5 out of 6 possible, impressive!

[ravel]

Sorry, i copied the wrong one - this is the canonical grid:

Code: Select all

+-------+-------+-------+
| 1 2 3 | 4 5 6 | 7 8 9 |
| 7 8 9 | 1 2 3 | 4 5 6 |
| 4 5 6 | 7 8 9 | 1 2 3 |
+-------+-------+-------+
| 2 3 1 | 5 6 4 | 8 9 7 |
| 5 6 4 | 8 9 7 | 2 3 1 |
| 8 9 7 | 2 3 1 | 5 6 4 |
+-------+-------+-------+
| 3 1 2 | 6 4 5 | 9 7 8 |
| 6 4 5 | 9 7 8 | 3 1 2 |
| 9 7 8 | 3 1 2 | 6 4 5 |
+-------+-------+-------+

[r.e.s.]

For reference ...

'MrHamilton, you are invited to look at the Braid Analysis thread here: http://www.sudoku.org.uk/cgi-bin/discus/show.cgi?tpc=29&post=4735#POST4735 which builds on the Travelling Pairs concept'

[doduff]

[edit] I posted this before going through the whole thread, so the solution to the puzzle linked below has already been discussed I think, as the "canonical grid" The puzzle is interesting, nonetheless.[/edit]

Here is an example of a puzzle with only traveling triples in the solution.

I constructed it by making the solution and then deleting numbers until I couldn't delete any more without destroying uniqueness. I didn't check all of them, so there still might be a few that can be deleted and still preserve uniqueness.
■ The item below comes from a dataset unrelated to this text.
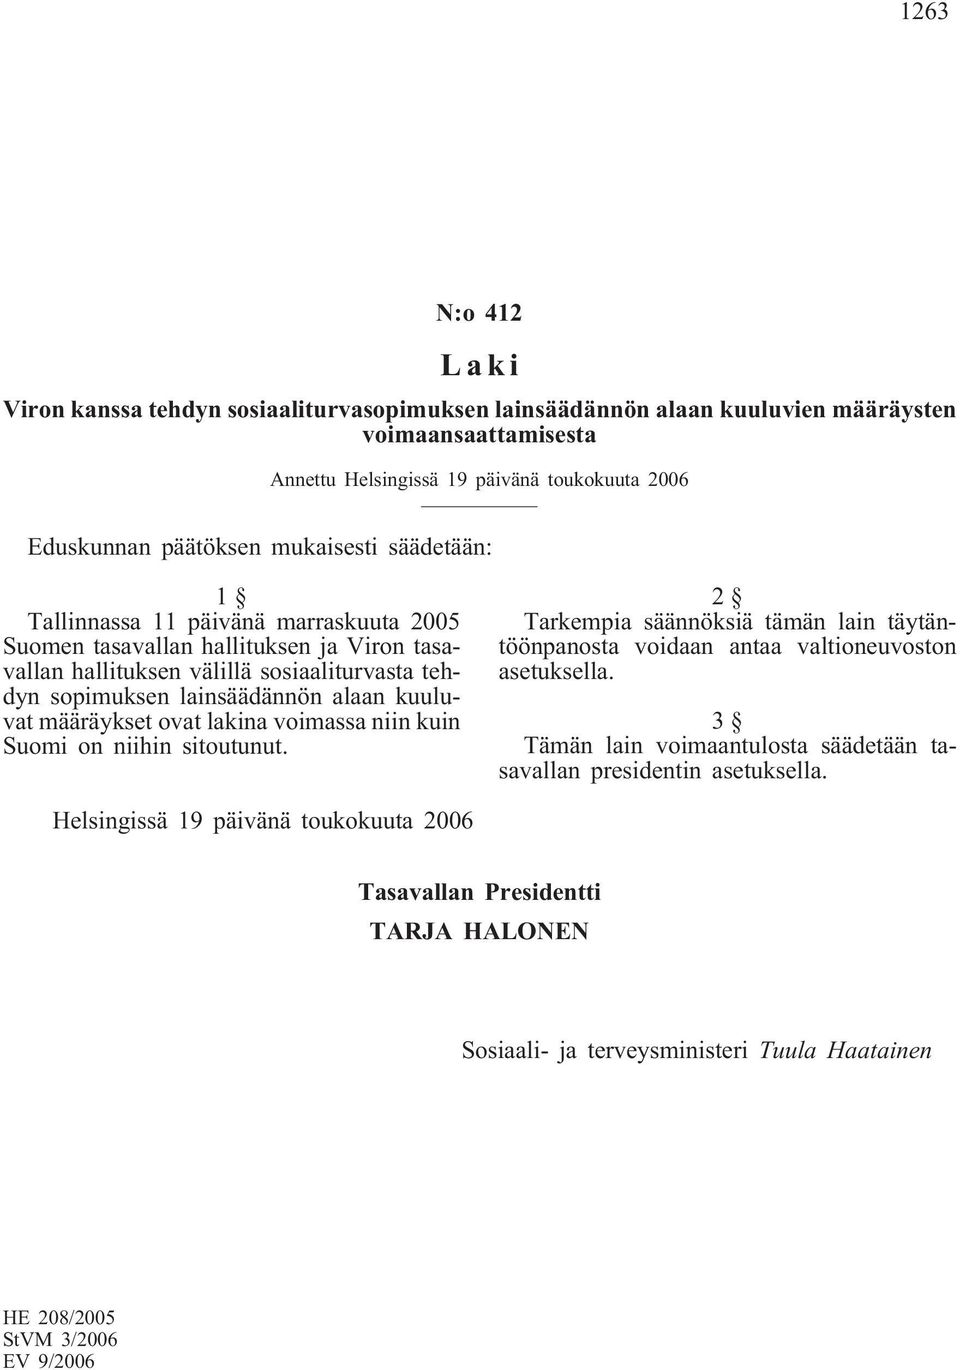 lainsäädännön alaan kuuluvat määräykset ovat lakina voimassa niin kuin Suomi on niihin sitoutunut.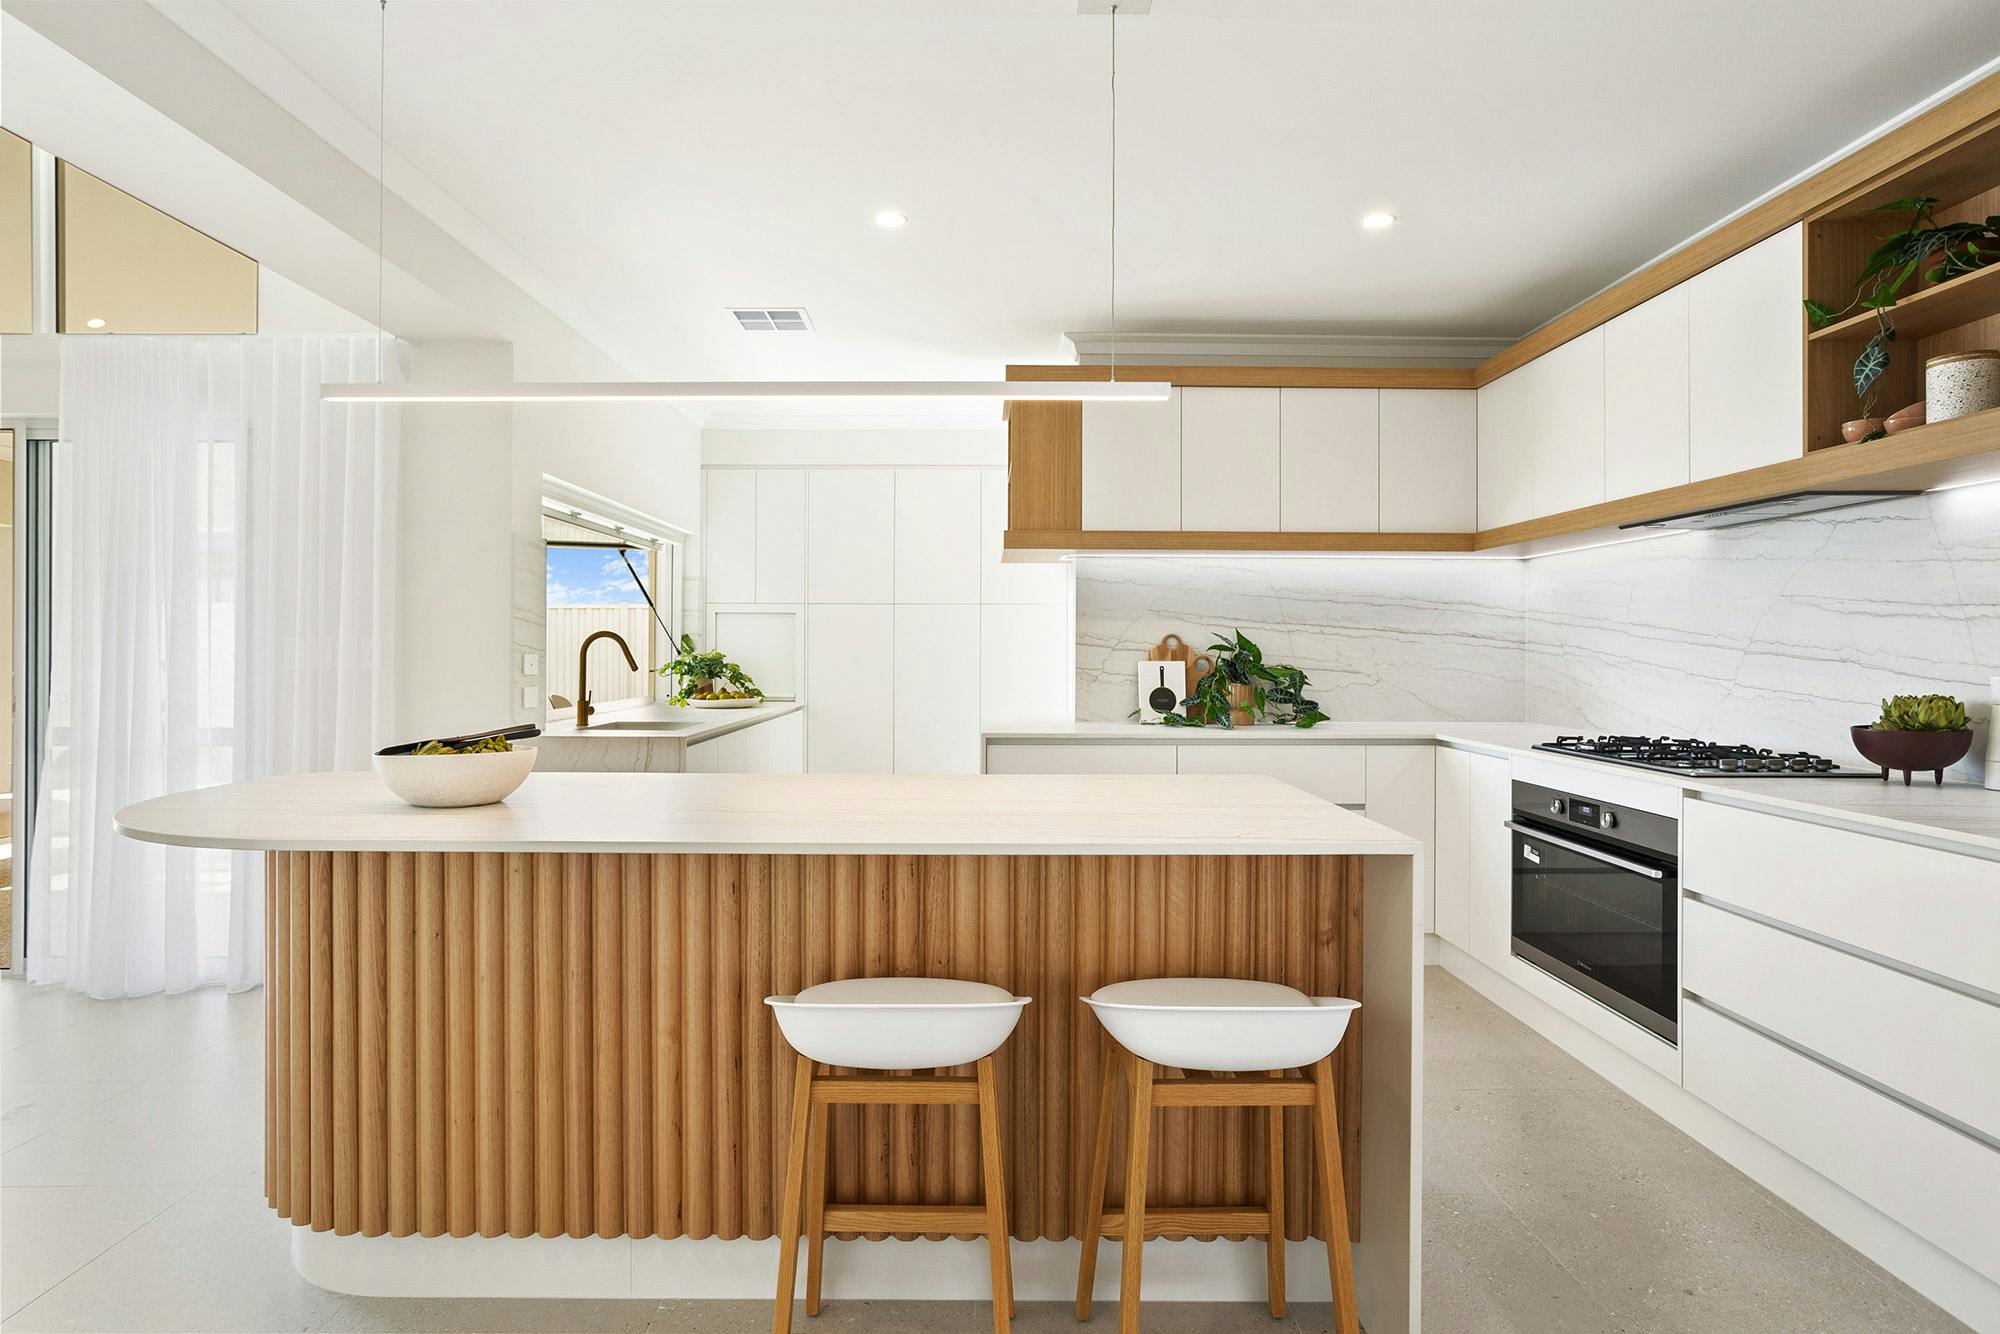 Numero immagine 45 della sezione corrente di Interior designer Katja Suominen chose DKTN Rem countertops for her new kitchen di Cosentino Italia

The traveling pair/triplet is an interesting technique. I actually used it to make so eliminations and solved some numbers in a puzzle. I should have noted the example and posted it here.

[Condor]

Here's another (possibly original) technique I like to use involving groups.

This is the same technique as I posted here. This has just been brought to my attention by Mike Barker (Thanks).

Any way of determining whether triple triples can exist in a solution? And the frequency of the different solution types?
You may have a solution with either no triples, or 1 - 6 triple-chutes.
Seven possible types--which are possible, which not?
I have witnessed double triples in a puzzle, but I can't recall seeing a higher incidence.

In the second half of an even earlier post here, I showed how the basis for this technique could be used for calculating the number of ways to fill the top band (the first three rows) of the sudoku grid.

Using the same calculation there is 27 times as many pairs (and singles) as triples. I have seen no reason for traveling pairs or triples in 1 chute has any effect on another chute, that is, the probablity of a chute having pairs or triples does not effect the probalility in any other chute.

If that can be proved true then the probability of there being 1 triple is 1/28, 2 triples 1/28 * 1/28, 3 triples 1/28 * 1/28 * 1/28, etc.



This technique was also the basis of a checking method I posted here. By following the numbers as they travel in pairs, triples or singles across the sudoku grid you can determine if the finished puzzle is correct.

[MrHamilton]

Thanks, was unaware of the earlier post, as I suppose David Bird in the other forum was unaware of either of us.

[Condor]

Thanks, was unaware of the earlier post, as I suppose David Bird in the other forum was unaware of either of us.

It seems that this method was "discovered" by several people.

Thanks for helping to make it better known in the sudoku community. I have found it a bit of an unweildy beast to explain to people. Reading other people explanations will help me explain them easier.